* WORK REQUEST
Find the line with "Eingang - airberlin" in the entries below, then reproduce it and every line after it down to and including the line with "Обама очаква подкрепа", exactly.

○ ○ ○

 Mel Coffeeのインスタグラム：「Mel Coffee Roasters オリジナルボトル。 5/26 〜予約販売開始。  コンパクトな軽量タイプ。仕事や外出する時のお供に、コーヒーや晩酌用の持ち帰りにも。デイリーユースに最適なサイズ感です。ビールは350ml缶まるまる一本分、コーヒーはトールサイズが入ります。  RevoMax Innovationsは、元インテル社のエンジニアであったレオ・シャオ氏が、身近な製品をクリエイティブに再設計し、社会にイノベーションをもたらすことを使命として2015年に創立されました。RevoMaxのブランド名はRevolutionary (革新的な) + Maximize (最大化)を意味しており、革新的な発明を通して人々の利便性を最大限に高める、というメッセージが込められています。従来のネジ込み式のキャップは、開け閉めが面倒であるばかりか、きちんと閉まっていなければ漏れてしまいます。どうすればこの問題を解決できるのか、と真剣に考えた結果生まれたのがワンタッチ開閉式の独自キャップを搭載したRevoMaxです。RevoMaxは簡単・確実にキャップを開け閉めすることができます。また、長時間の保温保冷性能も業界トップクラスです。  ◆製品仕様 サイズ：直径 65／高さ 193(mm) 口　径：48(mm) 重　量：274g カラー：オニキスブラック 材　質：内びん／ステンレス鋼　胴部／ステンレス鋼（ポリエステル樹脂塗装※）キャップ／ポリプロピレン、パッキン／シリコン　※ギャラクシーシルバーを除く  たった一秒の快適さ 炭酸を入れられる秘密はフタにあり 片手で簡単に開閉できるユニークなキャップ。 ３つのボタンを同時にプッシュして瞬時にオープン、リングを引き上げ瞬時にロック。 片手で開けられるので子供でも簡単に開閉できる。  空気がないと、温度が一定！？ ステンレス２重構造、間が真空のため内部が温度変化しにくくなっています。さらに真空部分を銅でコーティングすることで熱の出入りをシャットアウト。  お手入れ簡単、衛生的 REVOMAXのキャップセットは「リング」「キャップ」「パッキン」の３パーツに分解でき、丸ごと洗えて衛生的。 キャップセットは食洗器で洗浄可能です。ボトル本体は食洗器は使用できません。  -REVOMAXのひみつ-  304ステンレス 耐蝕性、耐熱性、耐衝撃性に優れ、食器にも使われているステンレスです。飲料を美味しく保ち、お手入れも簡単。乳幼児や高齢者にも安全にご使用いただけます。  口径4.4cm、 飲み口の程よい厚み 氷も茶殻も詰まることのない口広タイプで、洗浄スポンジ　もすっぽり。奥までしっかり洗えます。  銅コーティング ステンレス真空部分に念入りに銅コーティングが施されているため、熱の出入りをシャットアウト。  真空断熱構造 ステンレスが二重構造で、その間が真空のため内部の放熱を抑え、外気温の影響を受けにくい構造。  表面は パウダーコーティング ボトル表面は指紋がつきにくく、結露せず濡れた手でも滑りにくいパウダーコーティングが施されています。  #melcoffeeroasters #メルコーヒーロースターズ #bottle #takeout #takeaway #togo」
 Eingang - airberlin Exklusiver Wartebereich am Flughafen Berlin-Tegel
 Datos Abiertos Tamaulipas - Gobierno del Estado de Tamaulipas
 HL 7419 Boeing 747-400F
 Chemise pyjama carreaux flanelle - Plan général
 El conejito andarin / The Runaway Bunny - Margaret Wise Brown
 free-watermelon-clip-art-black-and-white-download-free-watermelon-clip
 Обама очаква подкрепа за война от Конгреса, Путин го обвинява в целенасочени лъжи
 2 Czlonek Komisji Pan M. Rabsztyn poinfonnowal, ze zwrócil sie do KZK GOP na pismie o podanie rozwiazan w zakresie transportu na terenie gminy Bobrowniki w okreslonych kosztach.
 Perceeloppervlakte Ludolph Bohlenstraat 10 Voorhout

○ ○ ○

* ANSWER FOR THE TASK
 Eingang - airberlin Exklusiver Wartebereich am Flughafen Berlin-Tegel
 Datos Abiertos Tamaulipas - Gobierno del Estado de Tamaulipas
 HL 7419 Boeing 747-400F
 Chemise pyjama carreaux flanelle - Plan général
 El conejito andarin / The Runaway Bunny - Margaret Wise Brown
 free-watermelon-clip-art-black-and-white-download-free-watermelon-clip
 Обама очаква подкрепа за война от Конгреса, Путин го обвинява в целенасочени лъжи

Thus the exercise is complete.